Cocktails featuring spices will be everywhere next season and drinking them hot is one of the best ways to enjoy them. Spiced Apple Grog contains Jameson, Highbank Drivers Cider (N/A, GF and organic), cinnamon shavings and “Ireland’s answer to maple syrup”, Highbank organic orchard syrup. Serve hot and enjoy at home at the end of a long day, or let us make it for you at ely bar & brasserie, (the Chq Building), Dublin 1.

3. John Duval “Plexus” Shiraz Grenache Mourvedre

Winter calls for something warming and decadent and this wine, from the Barossa Valley in Australia, delivers on both counts. Velvety smooth, spicy and lush, think of a glass of this as a hot-water bottle for the soul.
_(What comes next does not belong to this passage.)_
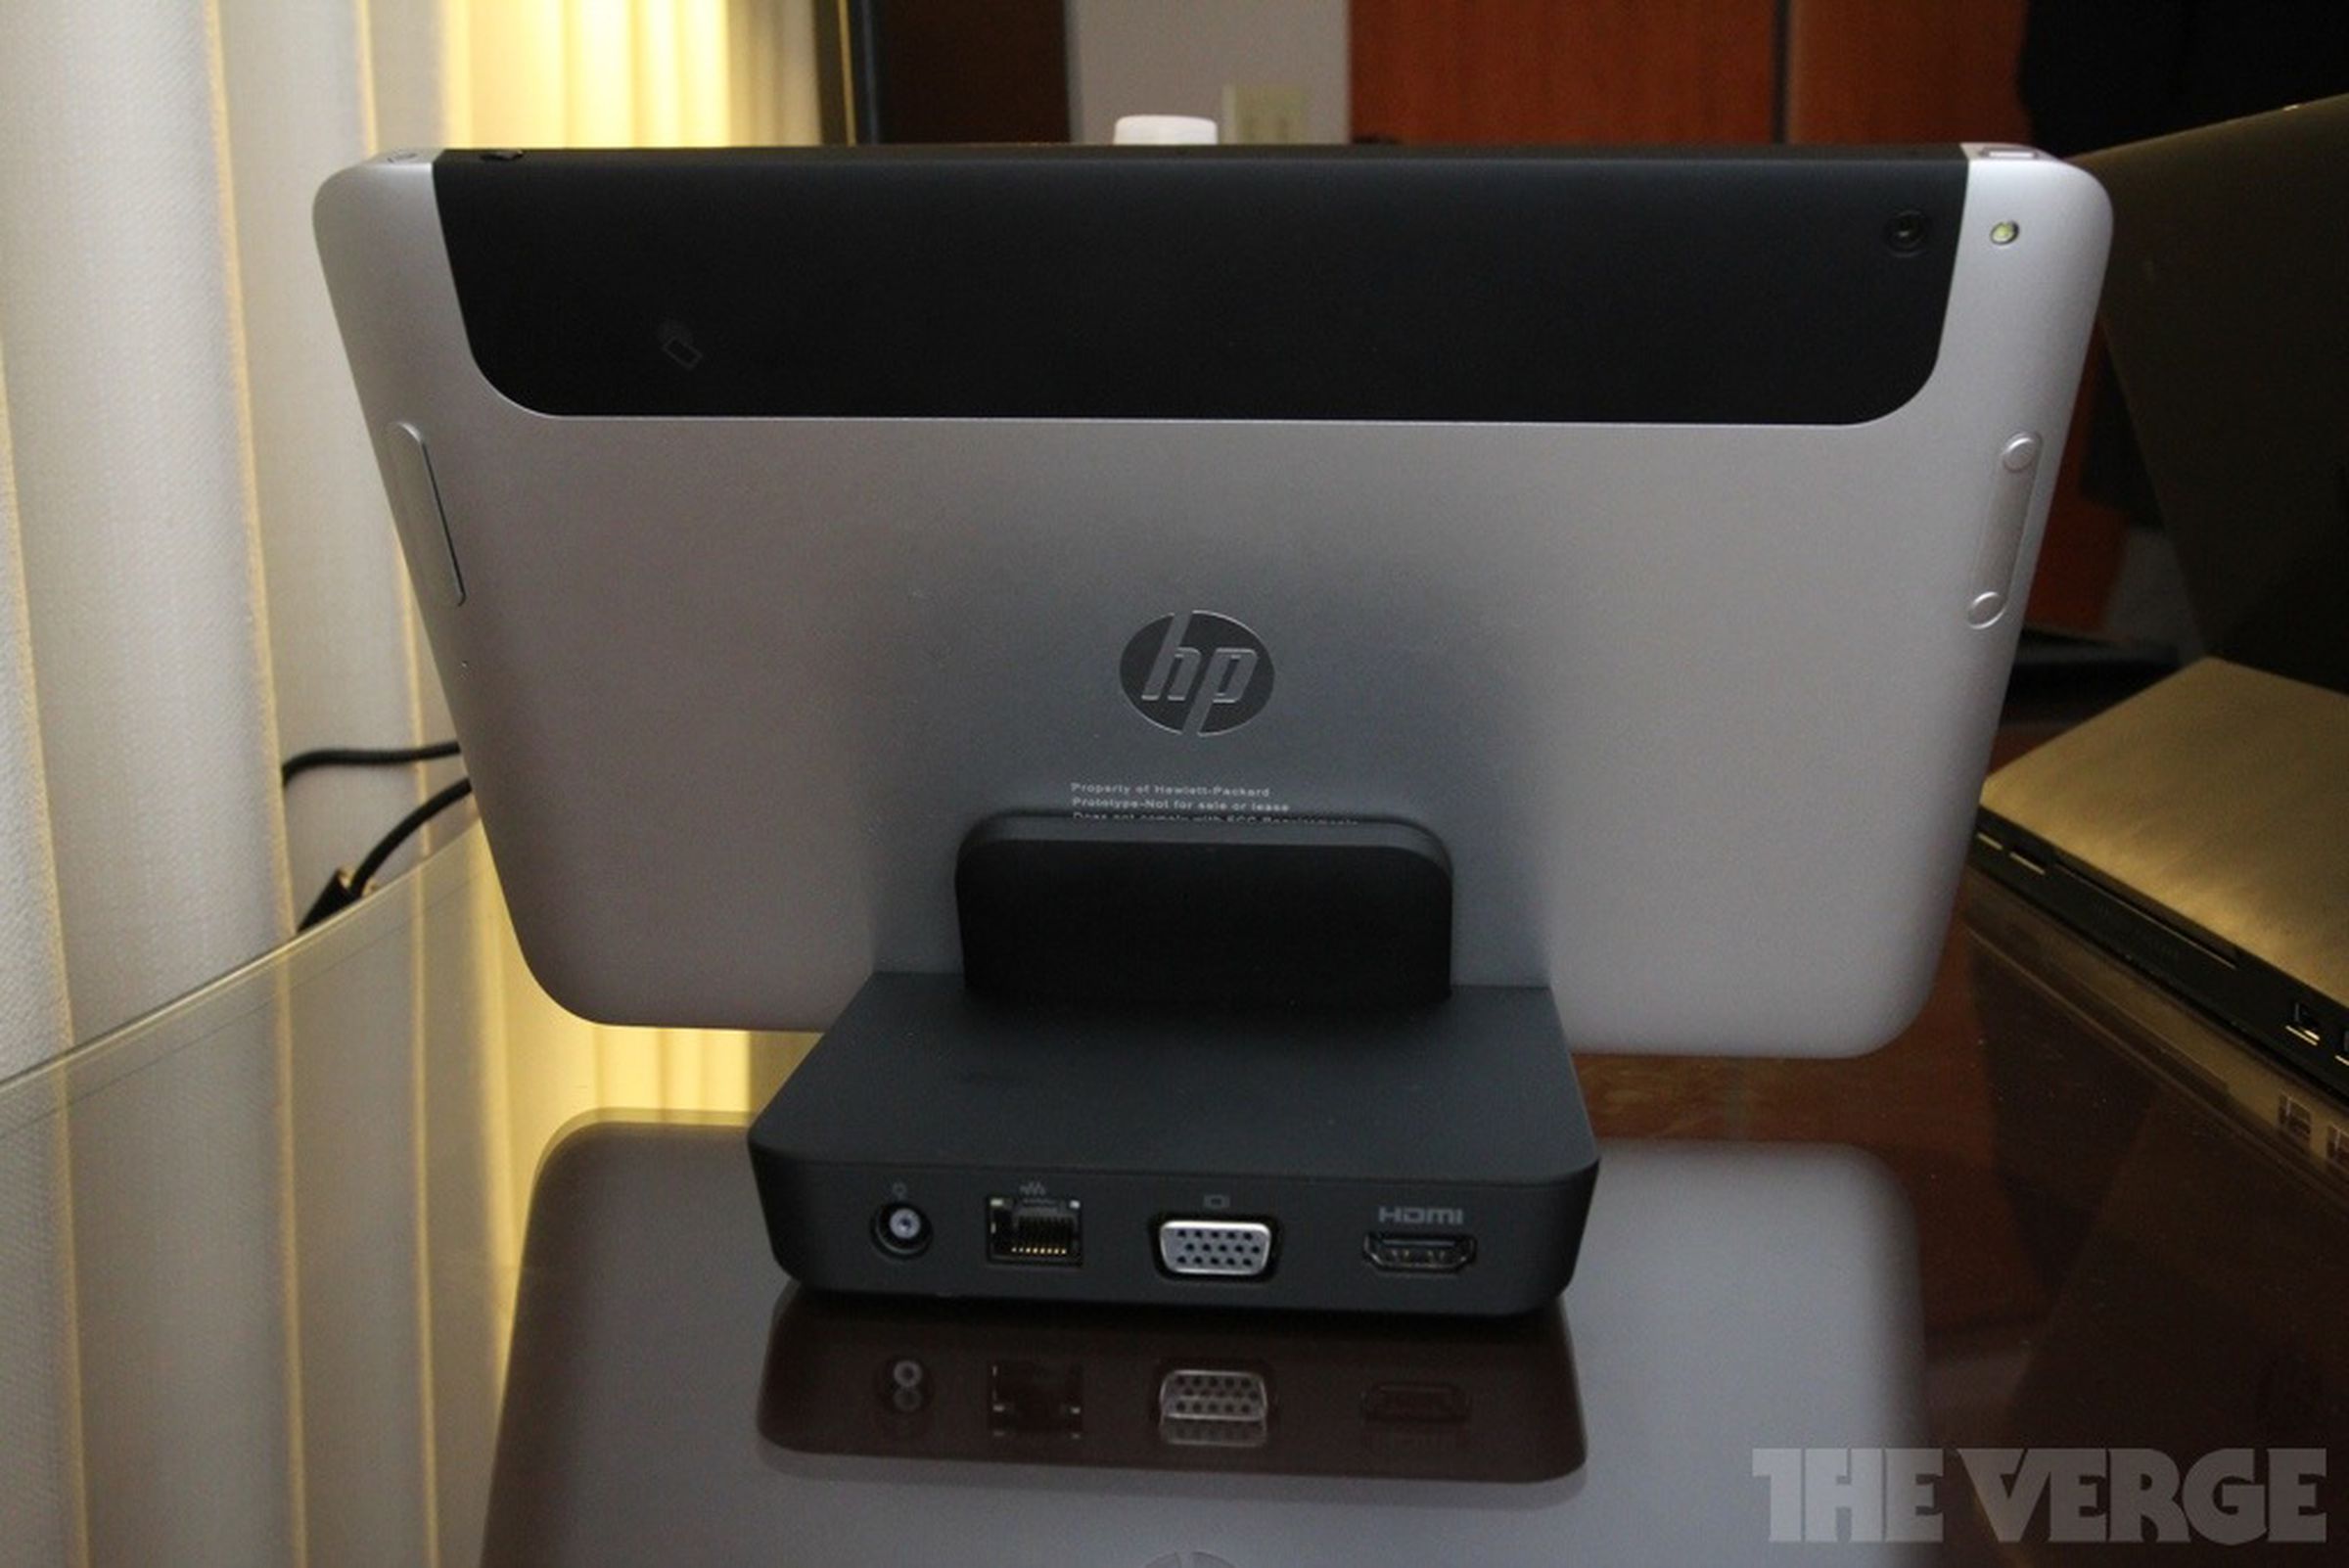 HP ElitePad 900 hands-on photos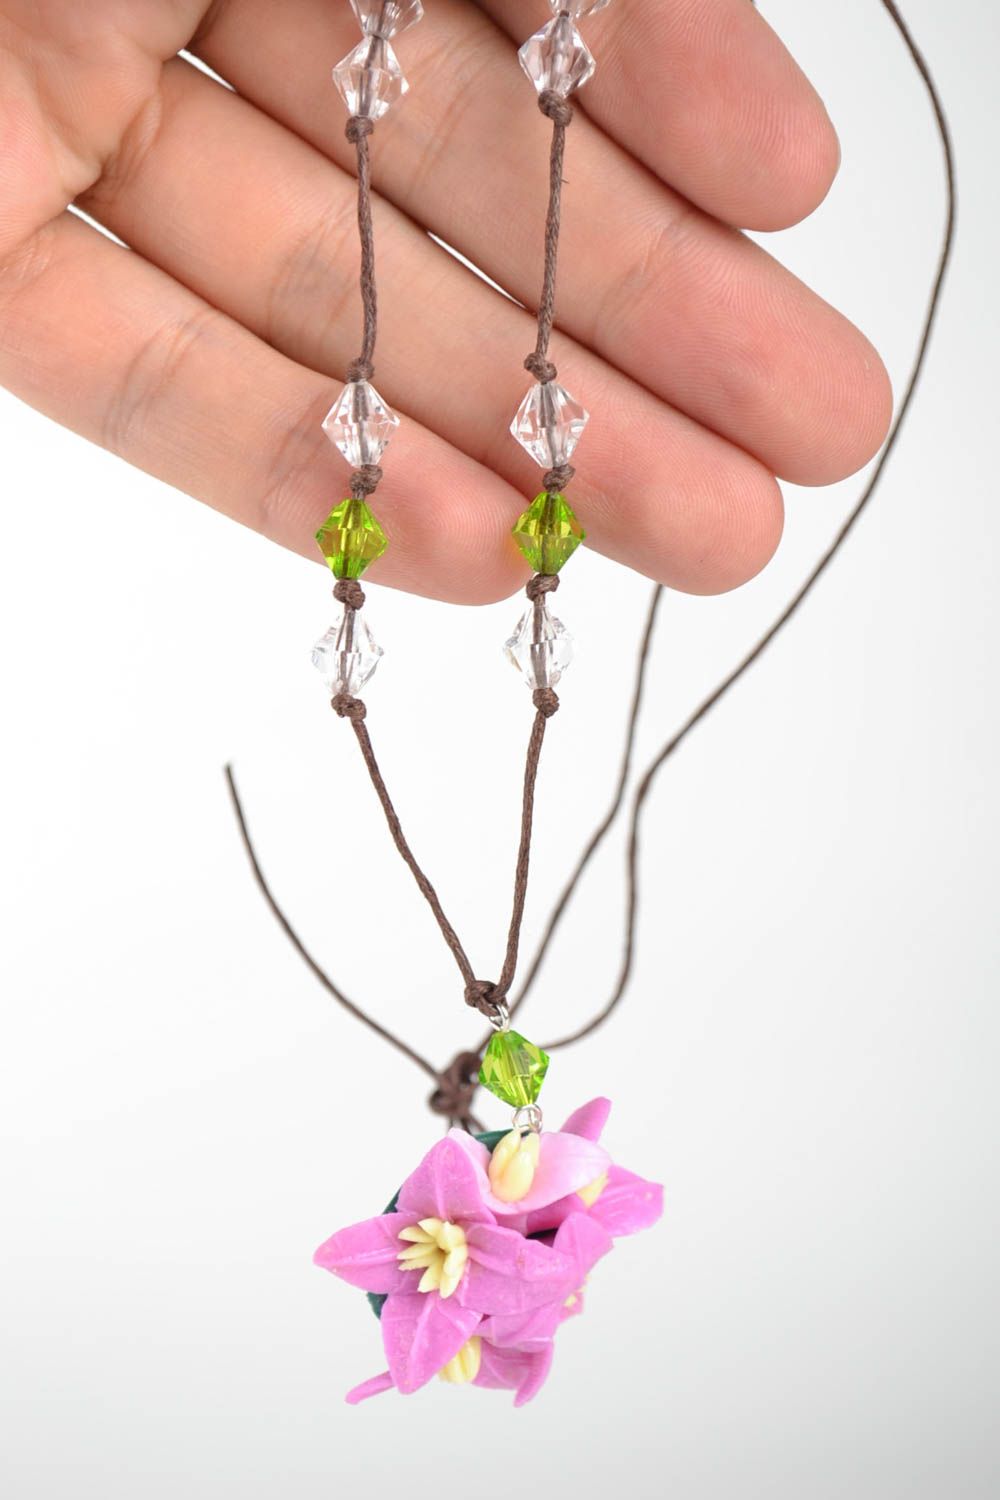 Flower necklace handmade jewelry fashion jewelry polymer clay pendant necklace photo 5

4. Cloughmore Dark Water Stout

Cloughmore Dark Water Stout is brewed in the foothills of the Mourne mountains and draws its main ingredient from  the local water supplied from the reservoir, making this an unfiltered craft Irish Stout. With a body of roasted barley and oats with accompanying light chocolate flavours, this makes a nice change from the usual stout we tend to return to drinking this time of the year.

5. Michael Collins

Photo credit: ely restaurants

Using a whiskey substitute instead of gin in the classic Tom Collins adds a little more winter depth and results in the refreshing and fruity Michael Collins. If making it at home, shake a good Irish whiskey, fresh lemon juice, sugar and strain into a glass. Add ice cubes, carbonated water and stir. Or sit back and enjoy as we rustle one up for you at ely bar & brasserie, (the Chq Building), Dublin 1.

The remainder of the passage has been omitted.